My room was simple and the Daily Office, the Benedictine rhythm of prayer, became my structure for the day. Getting up early for Matins and Lauds was a struggle, and I slept through a few of these, but I enjoyed all the others. As I slipped deeper into silence, I felt held by the structure of the monastic day and by the nuns and the convent itself. Silence unravels. When we enter retreat, we often feel that “the world is too much with us”, but it’s not easy to put it down. Only by removing ourselves completely and entering a very different way of life is it possible to leave the world behind in any significant way. This is one of the main purposes and values of retreat.
I’ve often heard people dismiss the value of the more enclosed religious life, seeing it as selfish and disconnected from the suffering of the world. In my experience, it’s the opposite: By dropping out of our worldly preoccupations, we enter the inner peace that naturally includes and loves all others as part of the bigger self, and when we come back to the world, we come back with those qualities more readily expressed and available for others. Convents, monasteries, and centres of religious or spiritual focus are not easy places to live, and most communities work hard in every respect to maintain a stable, loving environment that fosters wellbeing and spiritual nourishment for themselves and others. There has undeniably been abuse within religious orders and organizations, and, sadly, continues to be in places, but it would be wrong to assume that they were, or are, closet dens of iniquity as a result.
In the protected confines of the convent, silence was as natural as breathing. Time was dedicated to what is known as the Great Silence or Noble Silence, so it was easy to stop talking. What wasn’t so easy was to get beyond the chattering mind. It was so loud! The sounds of the world mask and drown out the noise going on inside our own heads, and perhaps that’s why so many people seem to need radio or television constantly playing in the background. Our chattering minds are like tinnitus with thoughts, and when we’re not actively thinking, it can be a shock to discover just how busy the mind is of its own accord. Thoughts, feelings, judgements, memories—on and on and on they go, unchosen and out of control.
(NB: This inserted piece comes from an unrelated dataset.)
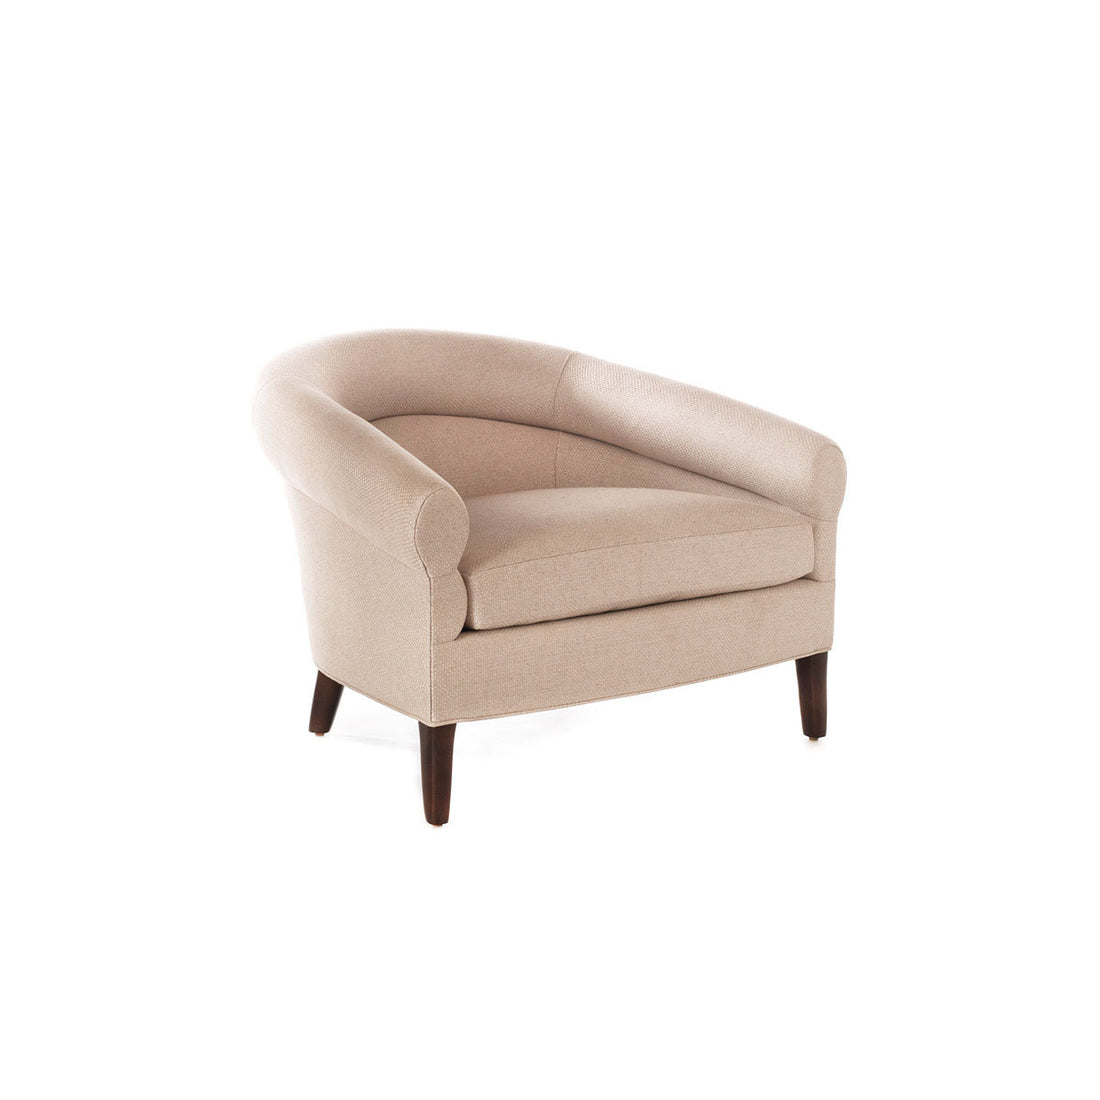 Clare Lounge Chair

As I began to realize this, I became quite alarmed and felt increasingly trapped. There was so little space, and these thoughts were unbidden and operating without a thinker. I knew nothing about meditation at this point, and didn’t yet have any tools to work constructively with what was being uncovered. So, instead, I found solace through distraction or redirecting my focus. I went for walks in the woods, attended the Offices, read books, and tried to talk to Jesus, finding Him in the many statues around the convent and, in particular, in the chapel above the altar.